**EXERCISE GOAL:** Return all of the entries, keeping every word and mark as it is.

**SOURCE DATA:**
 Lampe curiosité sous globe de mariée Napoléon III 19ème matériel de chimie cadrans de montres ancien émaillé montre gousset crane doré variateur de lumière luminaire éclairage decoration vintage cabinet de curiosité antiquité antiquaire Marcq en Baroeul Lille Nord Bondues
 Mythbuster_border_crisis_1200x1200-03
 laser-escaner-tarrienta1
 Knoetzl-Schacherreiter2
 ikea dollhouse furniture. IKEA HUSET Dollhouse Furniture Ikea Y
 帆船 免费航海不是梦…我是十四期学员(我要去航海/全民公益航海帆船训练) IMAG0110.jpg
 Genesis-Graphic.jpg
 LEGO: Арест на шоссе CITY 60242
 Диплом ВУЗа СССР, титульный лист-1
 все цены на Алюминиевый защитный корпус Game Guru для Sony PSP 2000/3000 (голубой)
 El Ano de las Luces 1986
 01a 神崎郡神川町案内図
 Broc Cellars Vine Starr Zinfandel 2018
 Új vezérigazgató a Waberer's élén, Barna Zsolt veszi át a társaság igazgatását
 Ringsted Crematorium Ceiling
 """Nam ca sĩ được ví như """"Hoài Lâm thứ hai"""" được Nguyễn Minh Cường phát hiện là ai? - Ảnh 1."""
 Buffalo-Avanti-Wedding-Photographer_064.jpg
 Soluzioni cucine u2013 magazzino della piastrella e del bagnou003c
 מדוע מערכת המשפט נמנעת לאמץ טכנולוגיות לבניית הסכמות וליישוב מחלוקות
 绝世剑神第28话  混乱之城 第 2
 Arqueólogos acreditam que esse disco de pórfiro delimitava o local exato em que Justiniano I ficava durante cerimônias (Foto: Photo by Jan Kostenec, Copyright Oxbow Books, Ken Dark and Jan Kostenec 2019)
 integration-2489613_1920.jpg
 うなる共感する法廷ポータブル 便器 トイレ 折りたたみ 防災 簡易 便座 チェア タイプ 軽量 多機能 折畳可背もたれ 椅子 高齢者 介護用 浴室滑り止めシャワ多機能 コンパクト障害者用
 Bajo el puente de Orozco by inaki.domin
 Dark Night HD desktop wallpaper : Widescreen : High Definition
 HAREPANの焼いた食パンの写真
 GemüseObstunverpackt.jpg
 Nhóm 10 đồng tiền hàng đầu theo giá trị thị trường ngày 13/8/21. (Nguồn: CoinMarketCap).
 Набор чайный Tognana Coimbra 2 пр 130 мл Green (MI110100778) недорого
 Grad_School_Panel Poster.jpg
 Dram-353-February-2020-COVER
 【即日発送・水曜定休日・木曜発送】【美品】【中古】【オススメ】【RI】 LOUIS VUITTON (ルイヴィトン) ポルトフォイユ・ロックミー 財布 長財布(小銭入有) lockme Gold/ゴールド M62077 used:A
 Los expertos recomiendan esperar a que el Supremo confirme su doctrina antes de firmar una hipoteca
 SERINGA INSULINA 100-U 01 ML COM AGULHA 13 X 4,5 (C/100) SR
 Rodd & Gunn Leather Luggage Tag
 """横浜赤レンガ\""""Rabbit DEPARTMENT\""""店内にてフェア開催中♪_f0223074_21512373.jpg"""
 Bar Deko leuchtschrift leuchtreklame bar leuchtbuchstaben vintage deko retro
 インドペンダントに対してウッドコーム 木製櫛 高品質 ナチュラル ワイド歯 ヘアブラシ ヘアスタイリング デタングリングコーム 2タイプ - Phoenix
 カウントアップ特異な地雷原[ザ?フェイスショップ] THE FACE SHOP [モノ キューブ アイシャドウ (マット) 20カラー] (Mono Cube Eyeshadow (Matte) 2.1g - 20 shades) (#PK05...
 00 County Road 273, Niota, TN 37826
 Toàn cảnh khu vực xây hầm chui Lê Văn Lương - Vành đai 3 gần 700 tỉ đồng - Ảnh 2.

**TASK SOLUTION:**
 Lampe curiosité sous globe de mariée Napoléon III 19ème matériel de chimie cadrans de montres ancien émaillé montre gousset crane doré variateur de lumière luminaire éclairage decoration vintage cabinet de curiosité antiquité antiquaire Marcq en Baroeul Lille Nord Bondues
 Mythbuster_border_crisis_1200x1200-03
 laser-escaner-tarrienta1
 Knoetzl-Schacherreiter2
 ikea dollhouse furniture. IKEA HUSET Dollhouse Furniture Ikea Y
 帆船 免费航海不是梦…我是十四期学员(我要去航海/全民公益航海帆船训练) IMAG0110.jpg
 Genesis-Graphic.jpg
 LEGO: Арест на шоссе CITY 60242
 Диплом ВУЗа СССР, титульный лист-1
 все цены на Алюминиевый защитный корпус Game Guru для Sony PSP 2000/3000 (голубой)
 El Ano de las Luces 1986
 01a 神崎郡神川町案内図
 Broc Cellars Vine Starr Zinfandel 2018
 Új vezérigazgató a Waberer's élén, Barna Zsolt veszi át a társaság igazgatását
 Ringsted Crematorium Ceiling
 """Nam ca sĩ được ví như """"Hoài Lâm thứ hai"""" được Nguyễn Minh Cường phát hiện là ai? - Ảnh 1."""
 Buffalo-Avanti-Wedding-Photographer_064.jpg
 Soluzioni cucine u2013 magazzino della piastrella e del bagnou003c
 מדוע מערכת המשפט נמנעת לאמץ טכנולוגיות לבניית הסכמות וליישוב מחלוקות
 绝世剑神第28话  混乱之城 第 2
 Arqueólogos acreditam que esse disco de pórfiro delimitava o local exato em que Justiniano I ficava durante cerimônias (Foto: Photo by Jan Kostenec, Copyright Oxbow Books, Ken Dark and Jan Kostenec 2019)
 integration-2489613_1920.jpg
 うなる共感する法廷ポータブル 便器 トイレ 折りたたみ 防災 簡易 便座 チェア タイプ 軽量 多機能 折畳可背もたれ 椅子 高齢者 介護用 浴室滑り止めシャワ多機能 コンパクト障害者用
 Bajo el puente de Orozco by inaki.domin
 Dark Night HD desktop wallpaper : Widescreen : High Definition
 HAREPANの焼いた食パンの写真
 GemüseObstunverpackt.jpg
 Nhóm 10 đồng tiền hàng đầu theo giá trị thị trường ngày 13/8/21. (Nguồn: CoinMarketCap).
 Набор чайный Tognana Coimbra 2 пр 130 мл Green (MI110100778) недорого
 Grad_School_Panel Poster.jpg
 Dram-353-February-2020-COVER
 【即日発送・水曜定休日・木曜発送】【美品】【中古】【オススメ】【RI】 LOUIS VUITTON (ルイヴィトン) ポルトフォイユ・ロックミー 財布 長財布(小銭入有) lockme Gold/ゴールド M62077 used:A
 Los expertos recomiendan esperar a que el Supremo confirme su doctrina antes de firmar una hipoteca
 SERINGA INSULINA 100-U 01 ML COM AGULHA 13 X 4,5 (C/100) SR
 Rodd & Gunn Leather Luggage Tag
 """横浜赤レンガ\""""Rabbit DEPARTMENT\""""店内にてフェア開催中♪_f0223074_21512373.jpg"""
 Bar Deko leuchtschrift leuchtreklame bar leuchtbuchstaben vintage deko retro
 インドペンダントに対してウッドコーム 木製櫛 高品質 ナチュラル ワイド歯 ヘアブラシ ヘアスタイリング デタングリングコーム 2タイプ - Phoenix
 カウントアップ特異な地雷原[ザ?フェイスショップ] THE FACE SHOP [モノ キューブ アイシャドウ (マット) 20カラー] (Mono Cube Eyeshadow (Matte) 2.1g - 20 shades) (#PK05...
 00 County Road 273, Niota, TN 37826
 Toàn cảnh khu vực xây hầm chui Lê Văn Lương - Vành đai 3 gần 700 tỉ đồng - Ảnh 2.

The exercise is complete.